Do the following tasks.

  1. What is the shape of vector \mathbf{o}_{h,l_1}?

  2. We concatenate \left\{\mathbf{o}_{h,l_1} : h \in \left\{ 0, 1 , \cdots , H-1 \right\} \right\} along axis 0:

    \mathbf{o}_{l_1} = \begin{bmatrix} \mathbf{o}_{0,l_1} \\ \mathbf{o}_{1,l_1} \\ \vdots \\ \mathbf{o}_{H-1,l_1} \end{bmatrix}

    What is the shape of \mathbf{o}_{l_1}?

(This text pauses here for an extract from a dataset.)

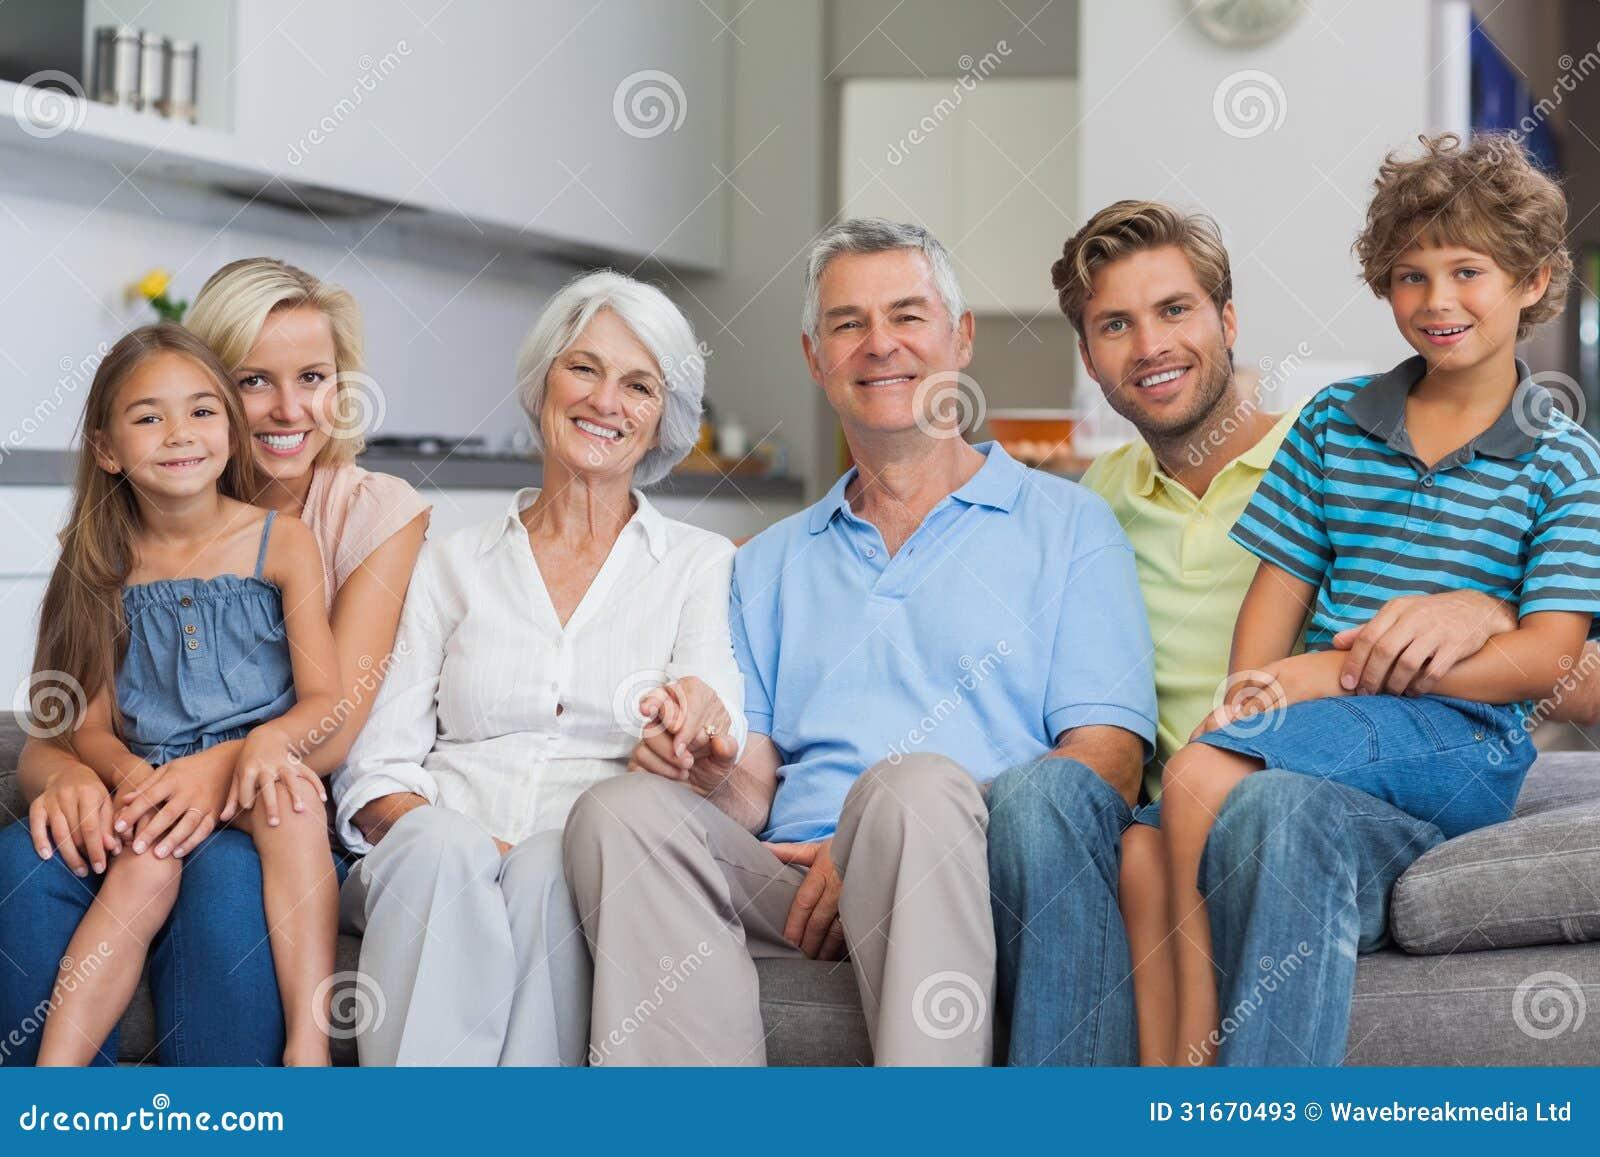 Großfamilie, Die Auf Couch Im Wohnzimmer Sitzt Stockbild - Bild von ...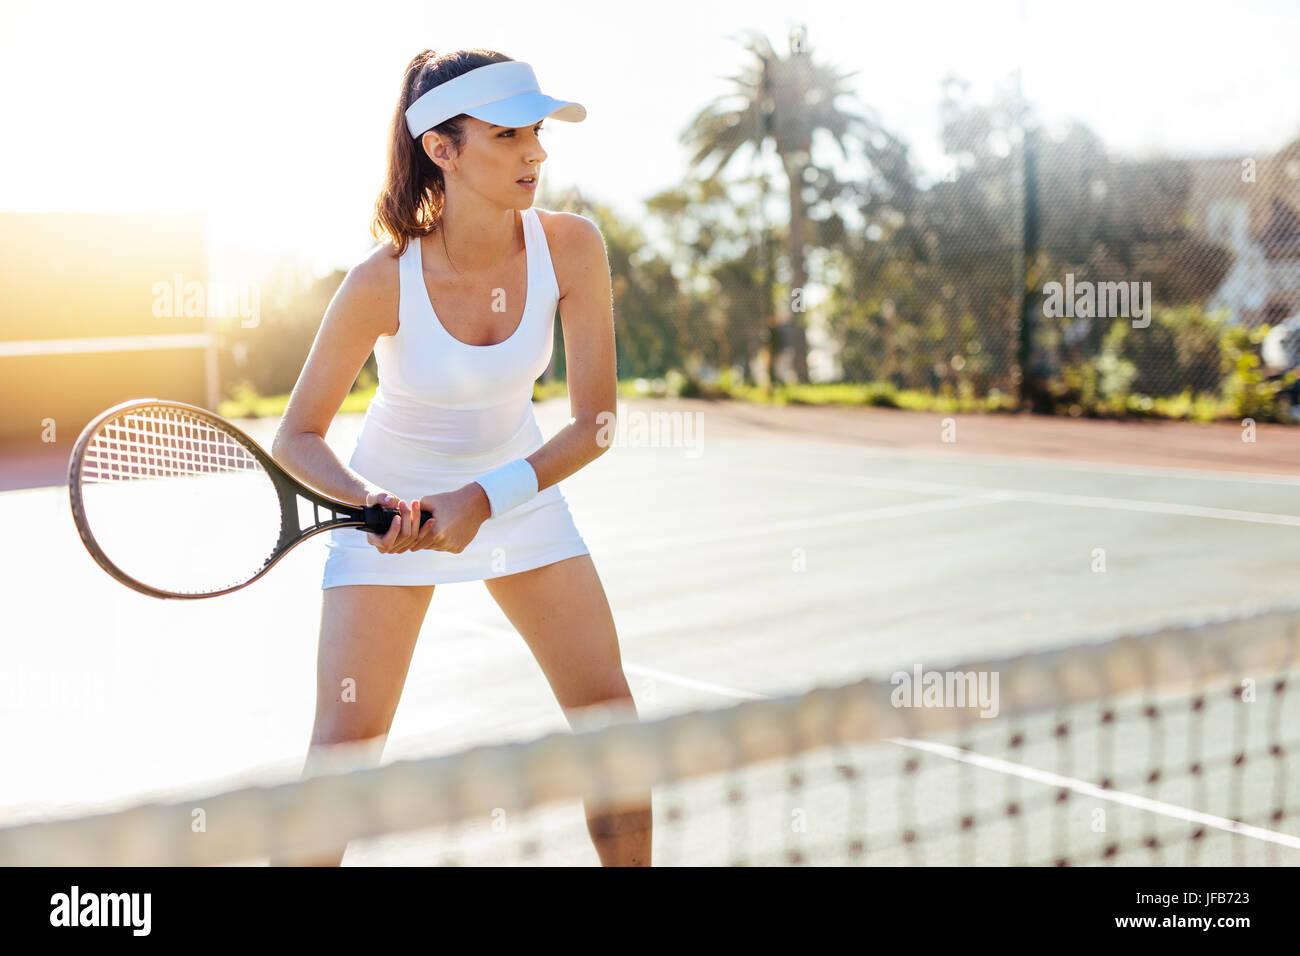 ab8c61a52c Hermosa sportswoman con raqueta en la cancha de tenis. Mujer joven de pie  en una corte al aire libre y jugando un partido de tenis.

  3. We project \mathbf{o}_{l_1} to a post-out-projection output vector via an out-projection matrix:

    \mathbf{x}_{l_1}^{out} = \mathbf{W}^O \mathbf{o}_{l_1} \in \Bbb R^{D_1} ,

    where

    \mathbf{W}^O = \begin{bmatrix} \mathbf{W}^O_0 & \mathbf{W}^O_1 & \cdots & \mathbf{W}^O_{H-1} \end{bmatrix}

    What is the shape of \mathbf{W}^O_h for each h \in \left\{ 0 , 1 , \cdots , H-1 \right\} and \mathbf{W}^O?

\color{green}{\text{### WRITE YOUR SOLUTION HERE ###}}

  1. The shape of \mathbf{o}_{h,l_1} is \left( D_v, \right).

  2. The shape of \mathbf{o}_{l_1} is \left( H \cdot D_v, \right).

  3. For each head h, the shape of \mathbf{W}^O_h is \left( D_1, D_v \right).

    The shape of \mathbf{W}^O is \left( D_1, H \cdot D_v \right).

\color{red}{\text{""" END OF THIS PART """}}